Exercise objective →
Strip out all images, then restate the data verbatim.

Data segment →
+-------+

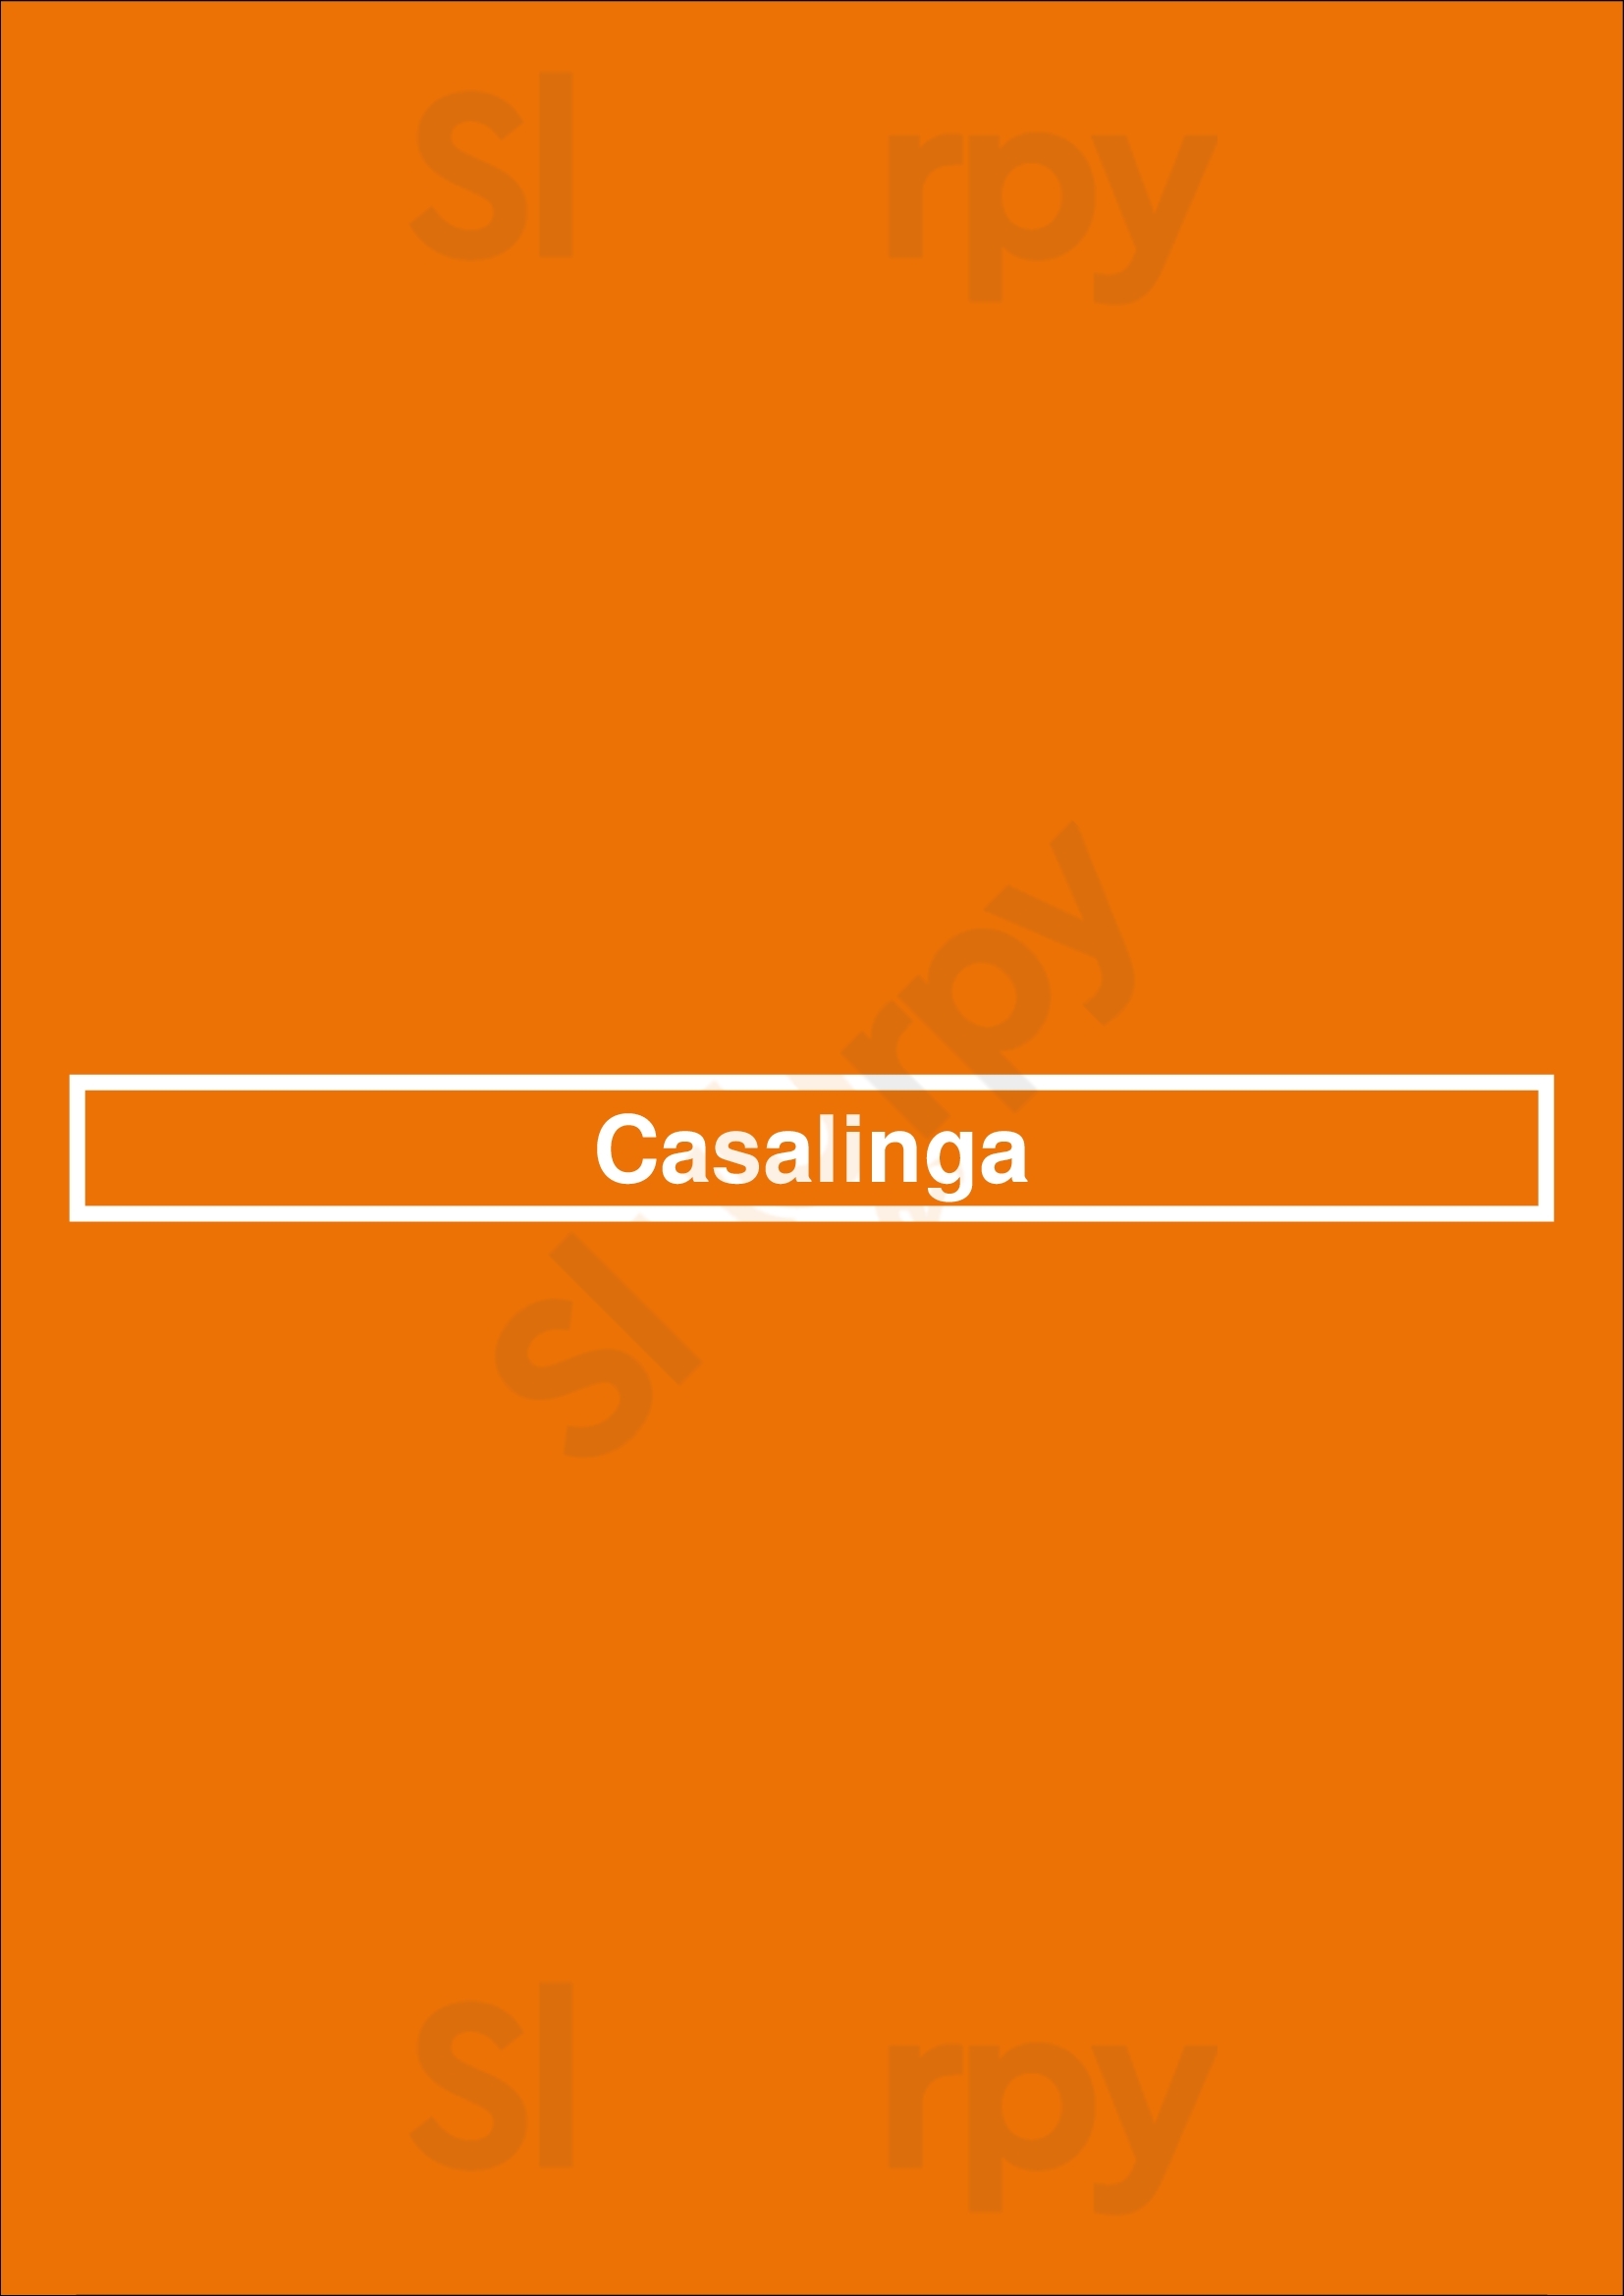 Casalinga Croydon Menu - 1
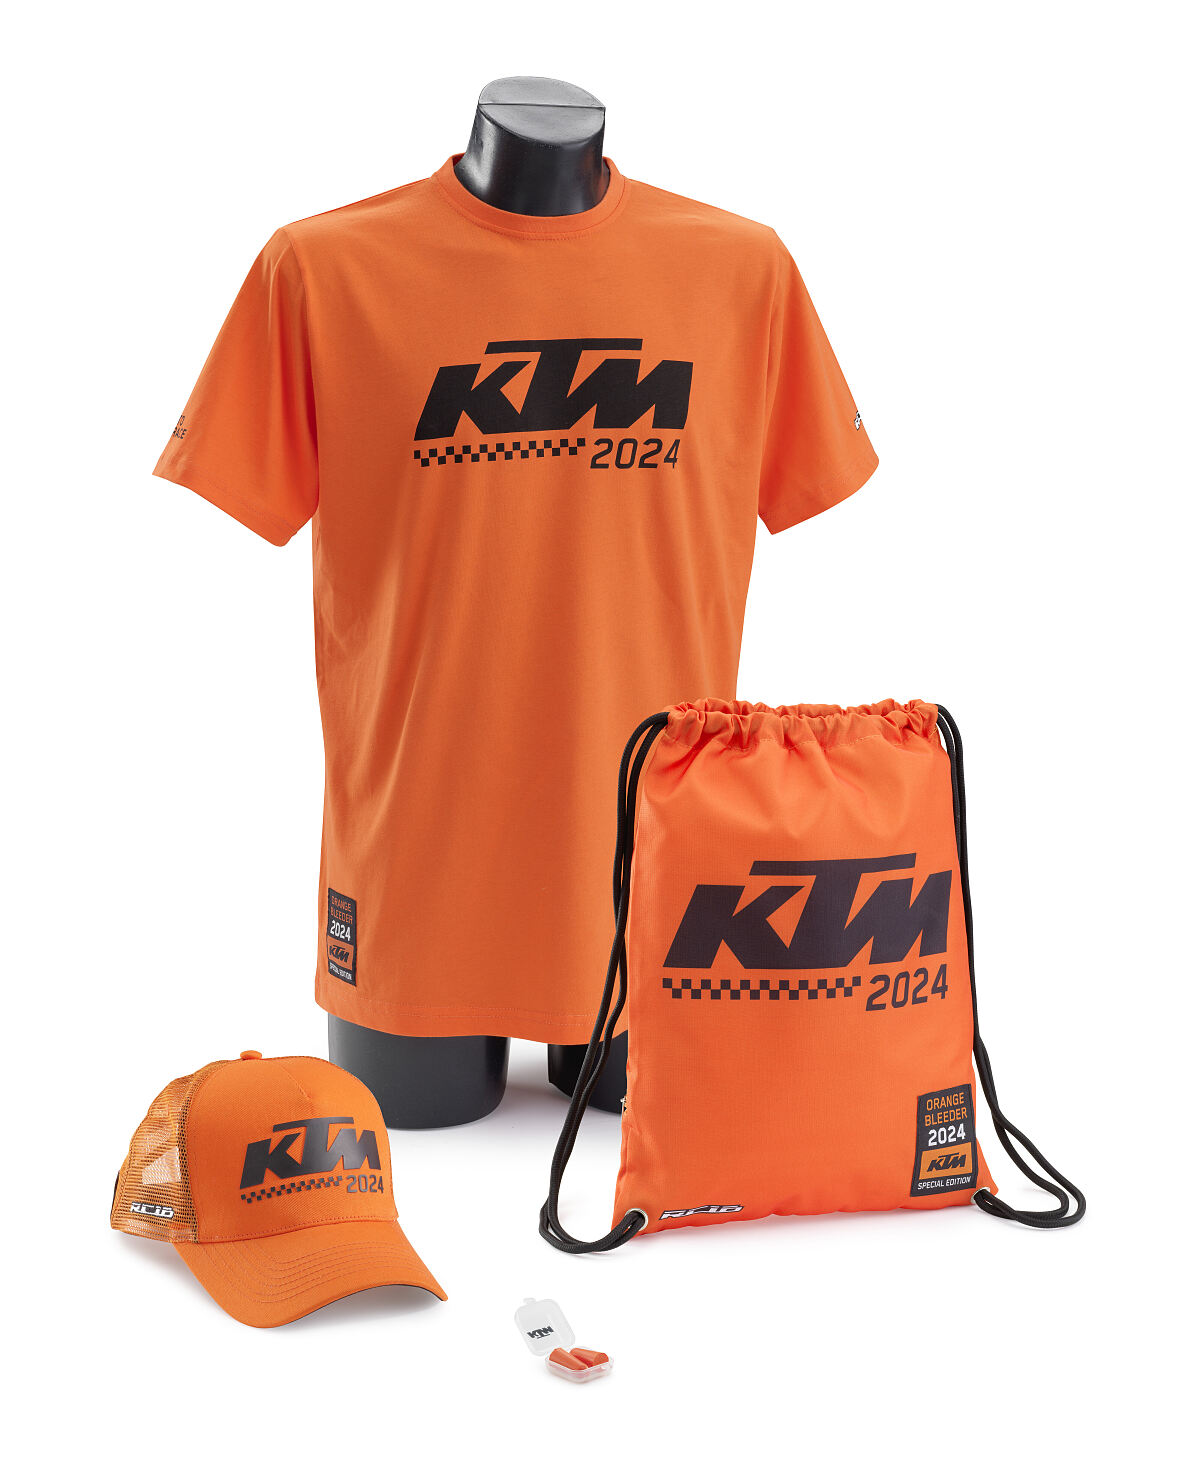 KTM MotoGP Fan Package 2024
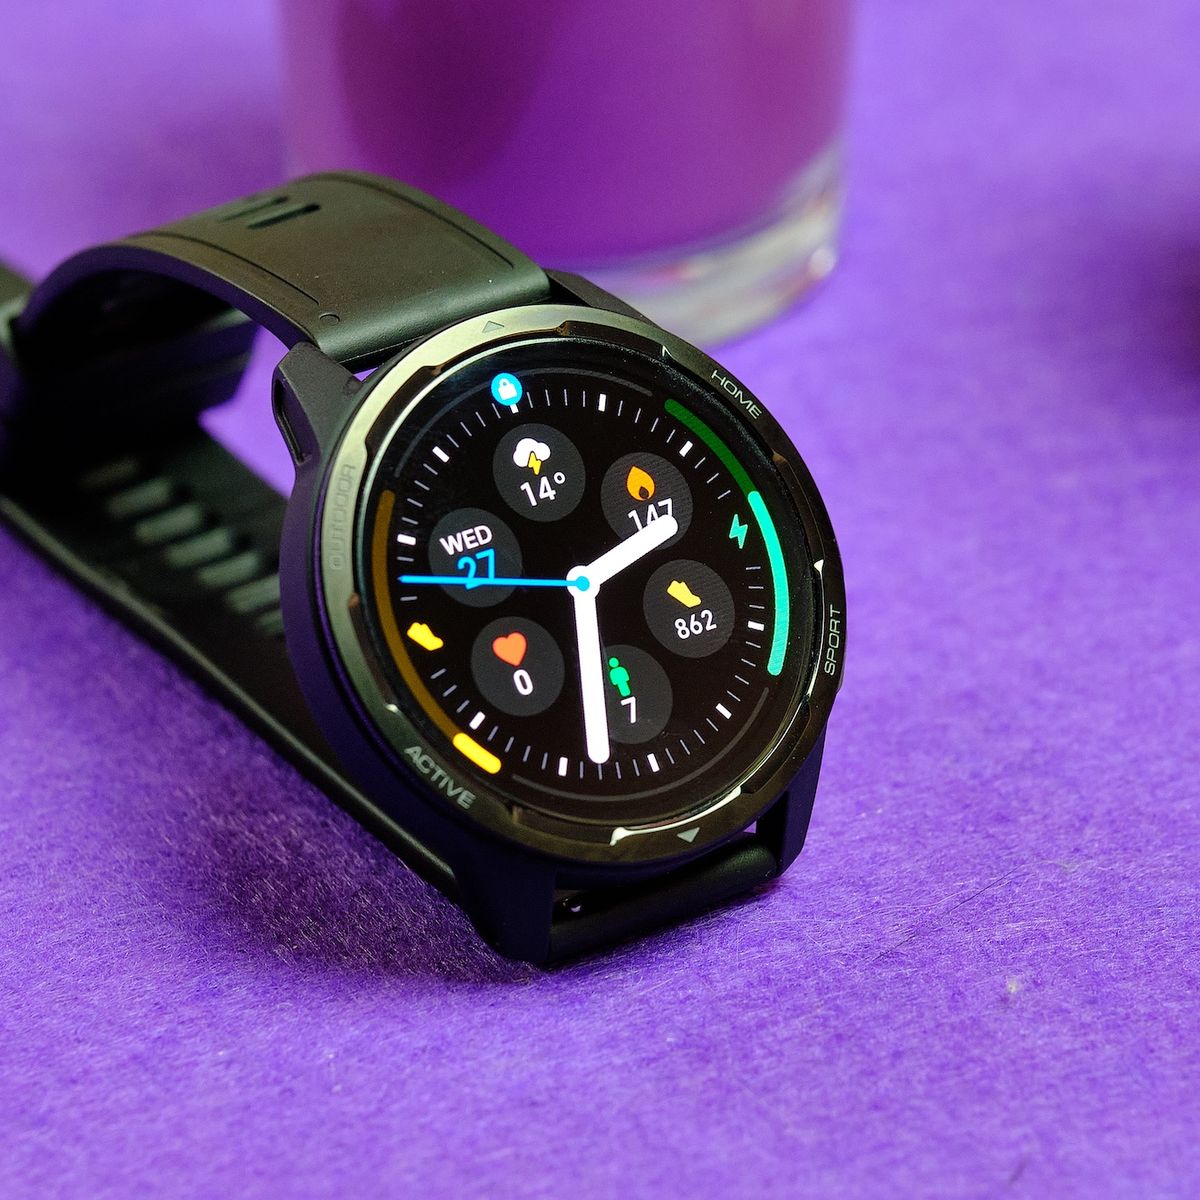 El nuevo reloj inteligente de Xiaomi se ha filtrado: Xiaomi Watch Active S1
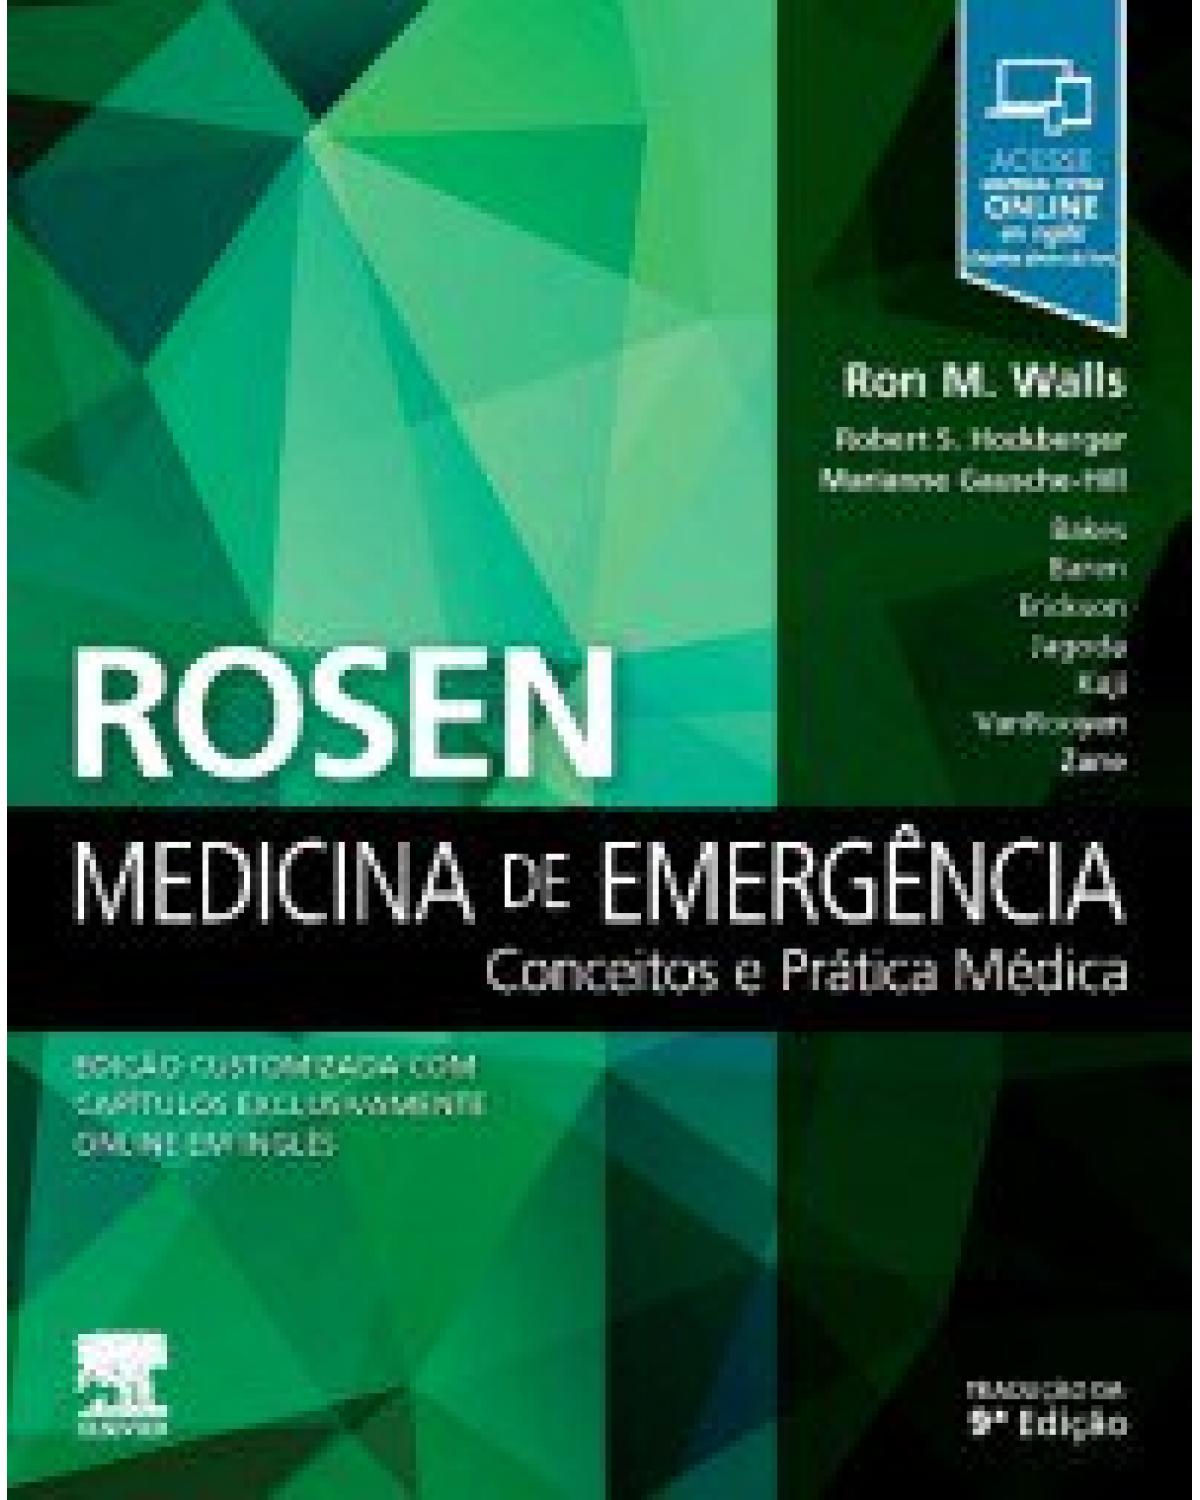 Rosen - Medicina de emergência - conceitos e prática médica - 9ª Edição | 2019

+-------+

Answer to this problem →
 Casalinga Croydon Menu - 1
 KTM MotoGP Fan Package 2024
 El nuevo reloj inteligente de Xiaomi se ha filtrado: Xiaomi Watch Active S1
 Rosen - Medicina de emergência - conceitos e prática médica - 9ª Edição | 2019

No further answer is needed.